Scientists at the Bangladesh Agriculture Research Institute (Bari) claim that the adoption of organic farming can become the major solution to improve the soil alongside ensuring the farmholders with better profit margin and consumers with the quality food. Began in 2006, a field trial of organic farming over 33 decimal land at Bari has led to the doubling of the organic matter content in the soil that has also resulted in the reduction of input requirement and improvement of the quality of the crops and vegetables compared to those produced by a chemical input dependent method.

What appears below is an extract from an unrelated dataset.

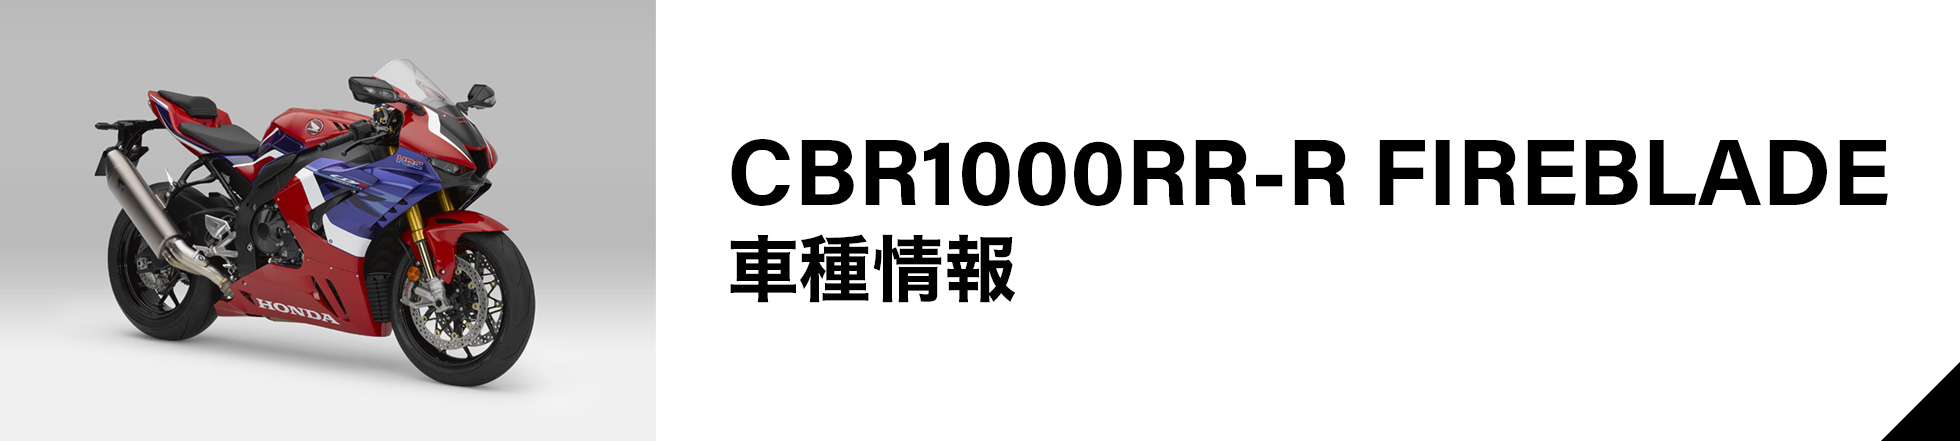 CBR1000RR-R FIREBLADE 車種情報

Over the last seven years of the field trial, the organic matter content in the soil was increased from 1.14 per cent to 2.79 per cent, while the cost of farming has similarly been reduced, found out tests done by the Horticulture Research Centre at Bari.
Last year, the quality of beans grown in the trial of organic farming at Bari was compared with the quality of beans grown in chemical dependent method by a test conducted in the Molecular Biology Laboratory of Dhaka University. The test showed that organic beans contained more oxidants than the
counterpart.
Talking to the news agency, Bari scientific officer (Olericulture Division) M Nazim Uddin said he is trying to develop a low input, but optimum output model with the trial of the organic farming.
The organic farming is saving about 25 per cent of the cost of fertilisation and pest control compared to the cost of the chemical input dependent farming, he said.
“First, we’ve adopted the principle of mixed culture. Right now you can see 16 crops and vegetables coexisting in the trial field,” he said, adding, “Mix culture creates natural barriers for insects and weeds.”
“Look, we’re growing coriander, sweet maize and grass pea along the four sides of the plot. Coriander will act as the barrier crop as it will attract insects first and put barrier to the spread of non-persistently transmitted aphid-borne viruses.”
“I’ve not yet used the Neem juice spray along the border which is use to drive away insects from the crops inside the border. I want the insects to have some feeding of the coriander which will wash out the viruses of the mouthparts of the insects,” he added.
“The reason I’m planting the sweet maize is basically its higher cash value. And it’ll not hurt the intake of the cabbage and coriander beside it because of the factor that the nutrient intake zone for its roots are located deeper,” he continue.
Inside the field, Nazim is experimenting the intercropping of red spinach, potato, cauliflower, lettuce, tomato, etc. in two ways – in lines prepared by hand digging of the topsoil with spades, and in patches of the soil covered by hyacinth mulching.
Nazim noted that the mulching disturbs the soil the less and requires less organic input from outside compared to the lines.
According to Soil Resource Development Institute (SRDI) records, about more than 1,200,000 hectares land of the country’s land area has become deficient in organic elements over a decade since 1998.
In the 1970s, less than 25 per cent of the country’s land mass was deficient in organic matter, said Md Moqbul Hossain, a principal scientific officer at the SRDI.